First, consider that global feedback can effectively replace individual feedback for some activities in your course, thus lightening the amount of feedback you are giving! For example, rather than provide a lot of detailed feedback to each student regarding their thinking on the discussion board, you can provide points for participation, respond to students who are really struggling, and then provide global feedback to all students.
Second, consider that providing global feedback on student work is in many ways simply a summary of what you glean from providing individual feedback. While you are reviewing assessments, jot down patterns you see both in terms of what students are doing well and where they are struggling. These notes will be the basis of the short video you create or the written ideas you share as global feedback.

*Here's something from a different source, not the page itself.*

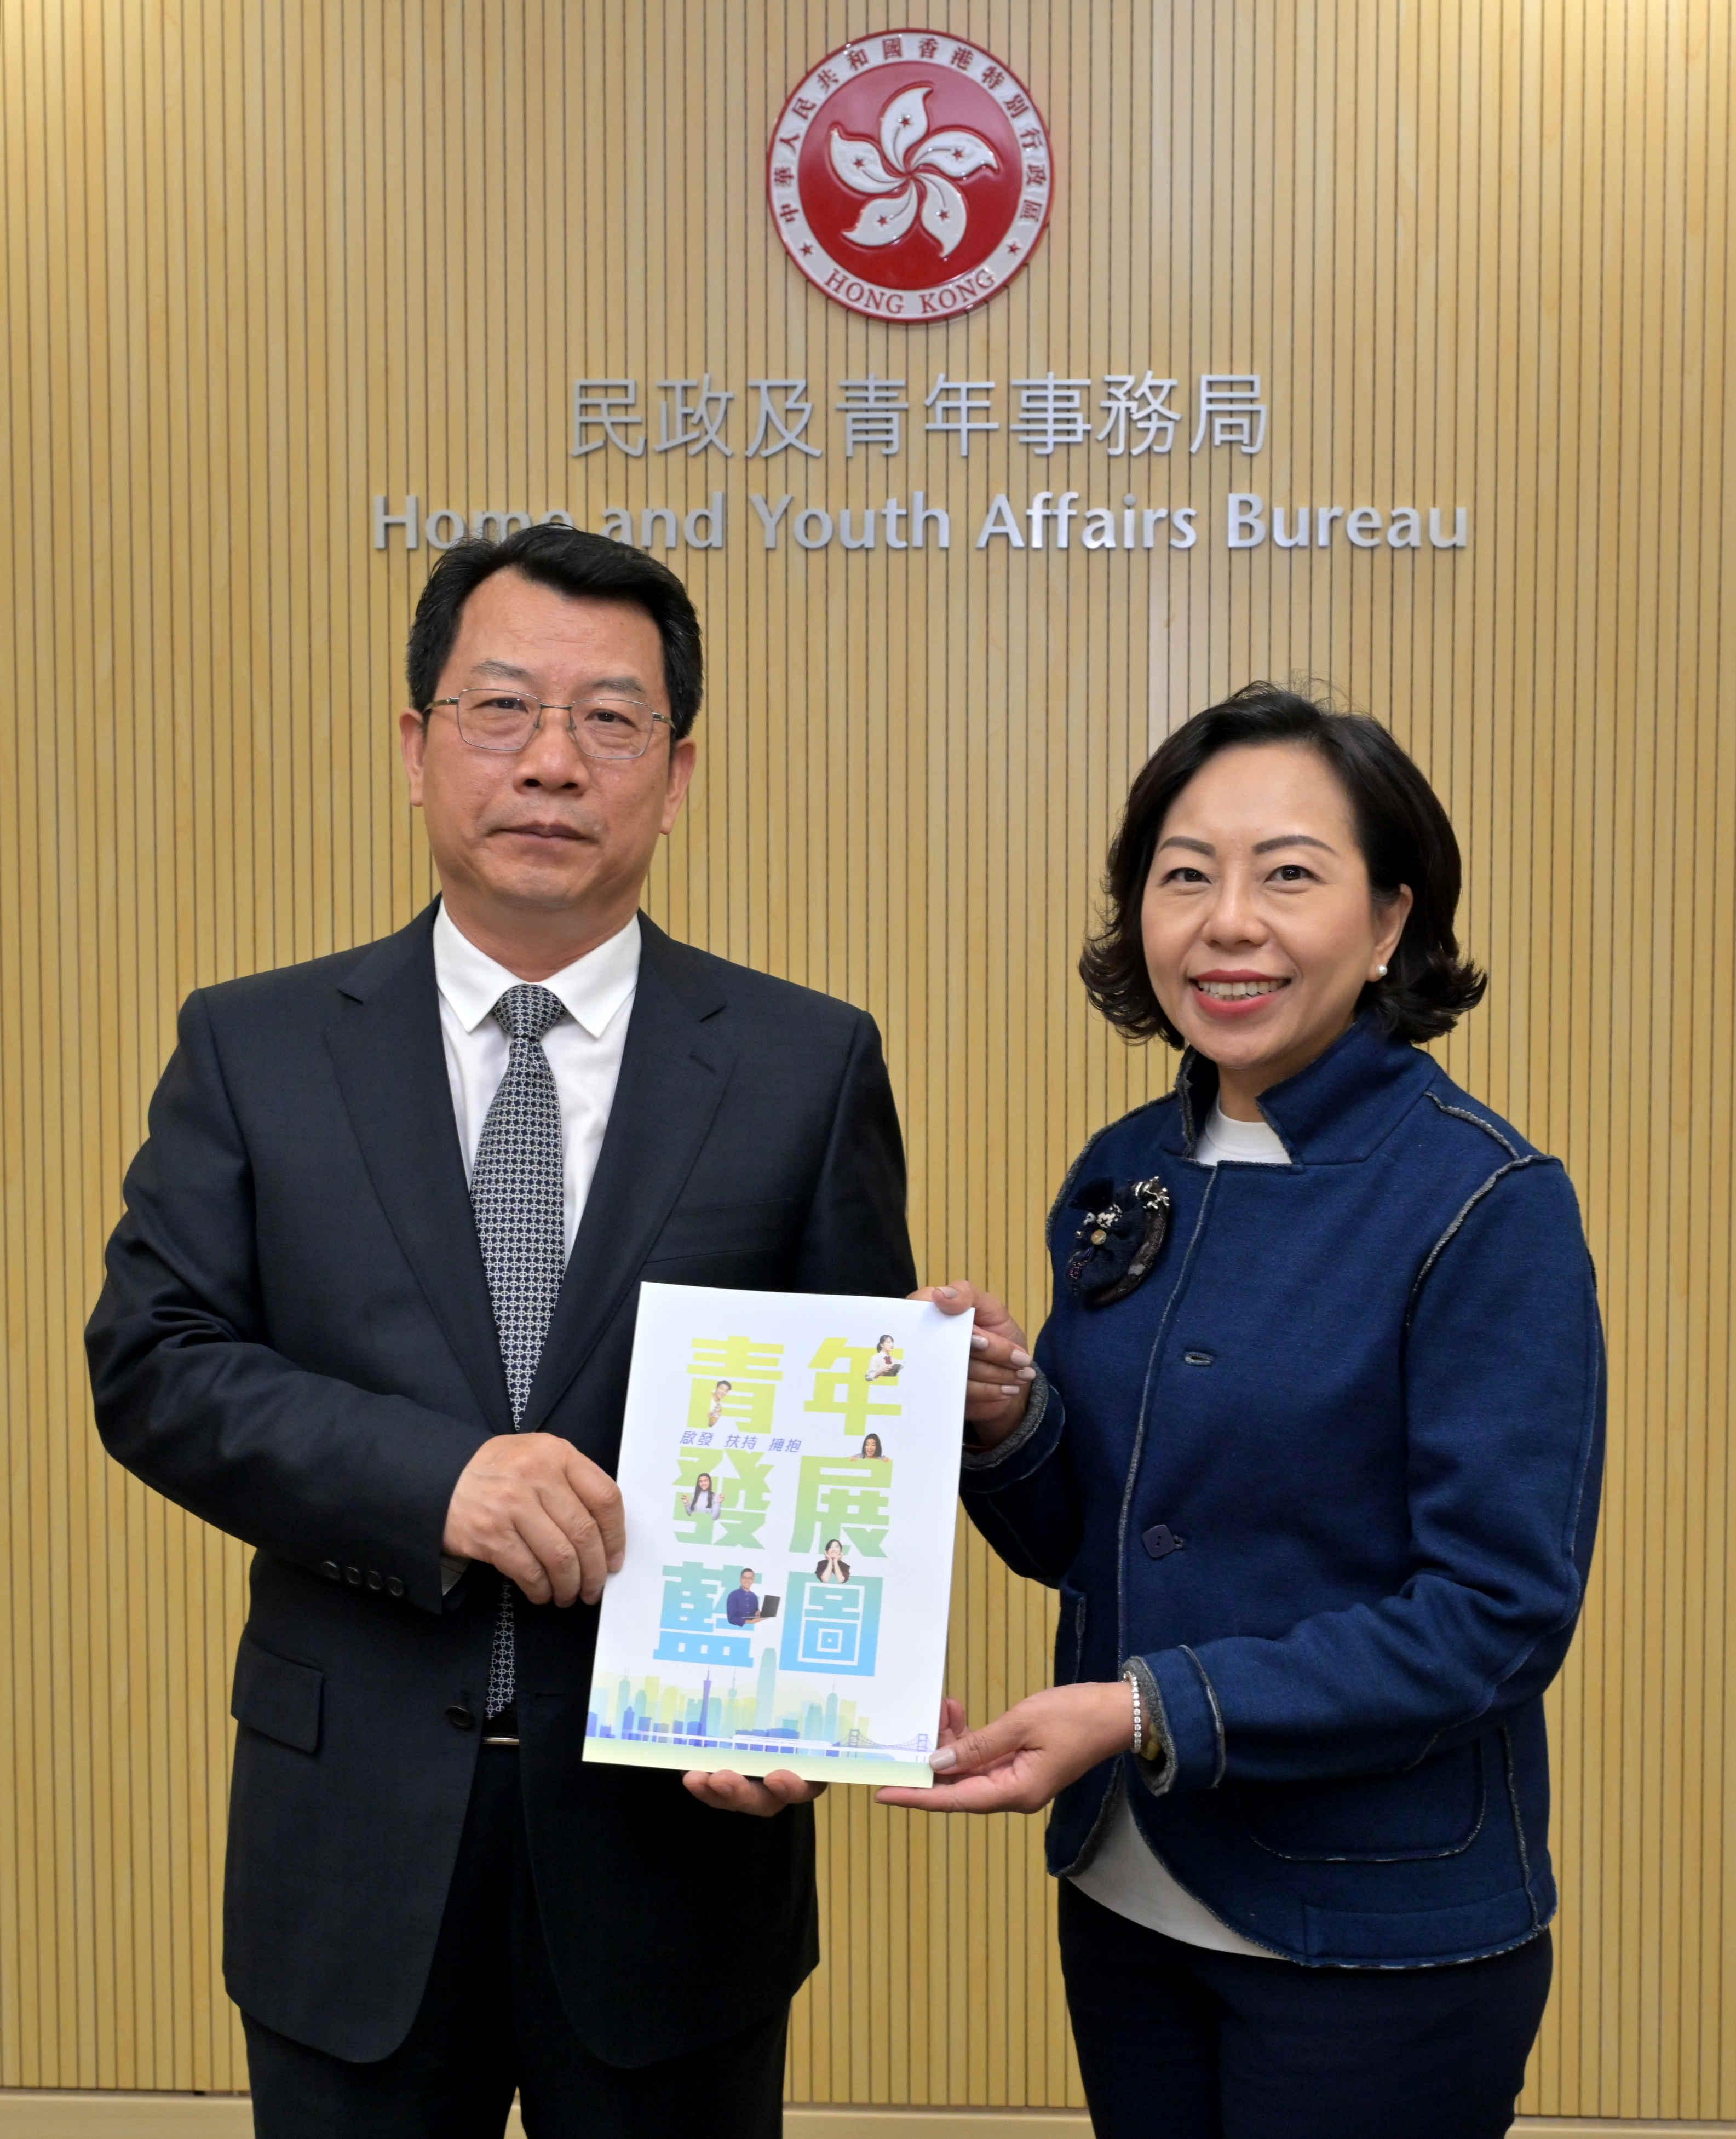 The Secretary for Home and Youth Affairs, Miss Alice Mak (right), today (May 11) met with a Tianjin delegation led by member of the Standing Committee of the Tianjin Municipal Committee of the Communist Party of China and the Head of the United Front Work Department of the Tianjin Municipal Committee of the Communist Party of China Mr Ji Guoqiang (left) to exchange views on strengthening youth development and exchanges between Tianjin and Hong Kong.

Finally, realize that providing this global feedback will not tax you, but will actually help you feel more engaged in the course and connected to your students. Creating short, personal, meaningful moments of feedback to your class can feel exciting and help you see the progress of students and the course. This feedback can also help you see the shape of the course and consider some new ideas, activities, or work you want to design or share with students, keeping the course fresh and alive for yourself and for your students. Global feedback in an asynchronous course is an element of the course that helps us remember that the course throughline isn’t the content, it is our conversation with our students about their progress.
Resources
- Darby, F. & Lang, J. M. (2019). Small teaching online: Applying learning science in online classes. John Wiley & Sons.
- Lovett, M., Bridges, M. W., DiPietro, M. C., Ambrose, S. A. & Norman, M. K. (2023). What Kinds of Practices and Feedback Enhance Learning? In, How learning works: Eight research-based principles for smart teaching (pp. 130-161). Jossey-Bass.
- Walvoord, B. E. & Anderson, V. J. (1998). Effective grading: A tool for learning and assessment. Jossey-Bass.